The OS only let you alloc in large granules, like 4k or 16k, and the vast majority of the methods are significantly smaller than that, meaning a JIT must colocate multiple methods in the same allocation block or waste a significant amount of memory.
We could get around that by remapping memory between read/write to read/execute and have the OS solve the problem for us. Except for a couple of small details, modifying a memory mapping is very expensive and we're, well, in the performance business, and that mono is multi-threaded so one thread might be executing code from the exact page we just made non-executable.
This approach, IIRC, was tried by Firefox as it has some security advantages, but discarded due to the measurable performance impact - and they don't have the second problem as JS is single threaded.
How is this safe in the multithreaded case anyway? If a process has just written a new JITted method and is flushing the i$ on the CPU it's executing on, but then gets scheduled away part-way through the flush, if you were very unlucky then couldn't another thread then get scheduled on that CPU and try to execute the just-written method, which failed to be fully flushed from that CPU's cache?
Multi-threaded safety is simply due to JIT controlling the visibility of the newly compiled code. First flush, then make it visible for execution, can't go wrong with that and scheduling won't matter.
Things get a lot more complicated when it comes to code patching, but the principle is similar.
I don't think that helps - the point is that the flush might not be effective if the flushing thread gets scheduled away from the core which has the stale I$ before it manages to fully issue the flush.
Or is the flush guaranteed to flush all cores caches? That would be a fairly unusual design.
IC IVAU instructions are broadcast to all cores in the same 'inner shareable domain' (all cores running the same OS instance are in the same inner shareable domain)
Firefox is shipping W^X for jitcode, as far as I know. Or at least https://bugzilla.mozilla.org/show_bug.cgi?id=1215479 is marked as fixed and I don't see any obvious bugs blocking it that are fallout from that change.
And the "Firefox (Ion)" and "Firefox (non writable jitcode)" lines on https://arewefastyet.com/ seem to coincide...
But yes, actually making this work in practice is not at all simple.
I see the argument about the page size potentially being large relative to the size of a jitted function. But,
> modifying a memory mapping is very expensive
It used to be true that operations on memory mappings were appallingly expensive. However, the advent of virtualization has driven a significant change in performance. IIRC, ARMv8 has a TLB invalidation operation that is per-entry, addressed by the virtual address being invalidated. You don't need to flush the entire TLB cache.

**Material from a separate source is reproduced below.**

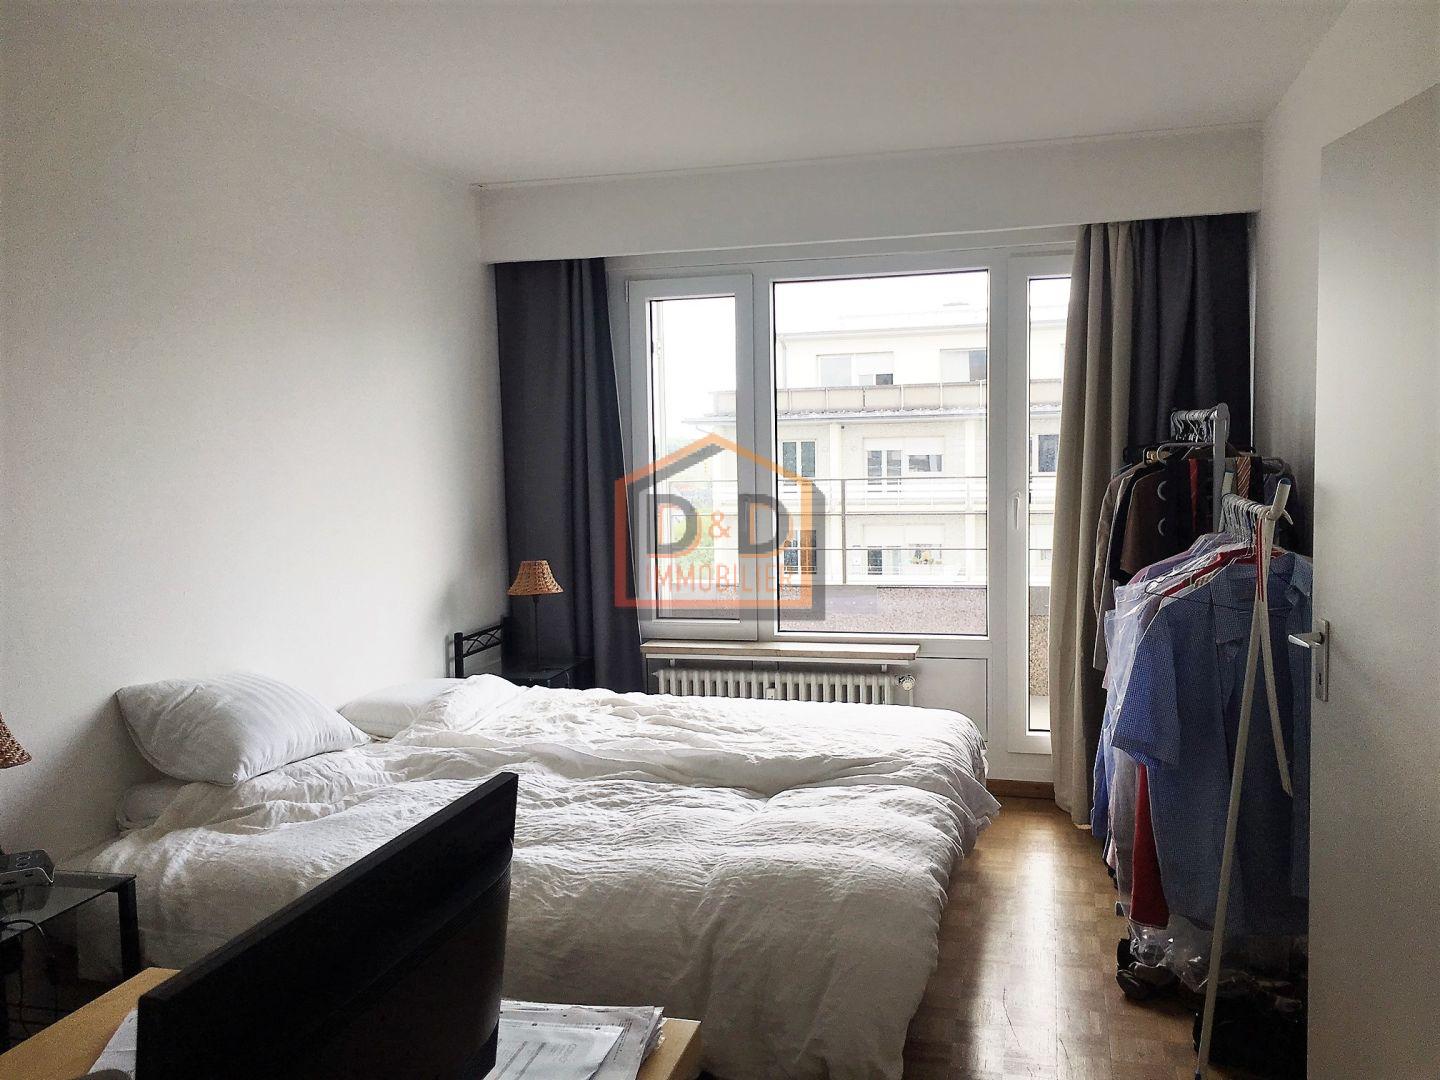 Appartement à Luxembourg-Bonnevoie, 70 m², 2 chambres, 1 salle de bain, 1 700 €/mois

The reason for the manual cache operations is because they're generating JITted code -- on ARM to ensure that what you execute is the same thing you just wrote you have to (1) clean the data cache, so your changes get out to main memory[.] and then (2) invalidate the icache, so that execution will fetch the fresh data from memory rather than using stale info. This clean-and-invalidate operation is usually informally called a flush, though it isn't really one in ARM terminology.
[.] not actually main memory, usually: only has to go out to the "point of unification" where the iside and dside come together, which is probably the L2 cache.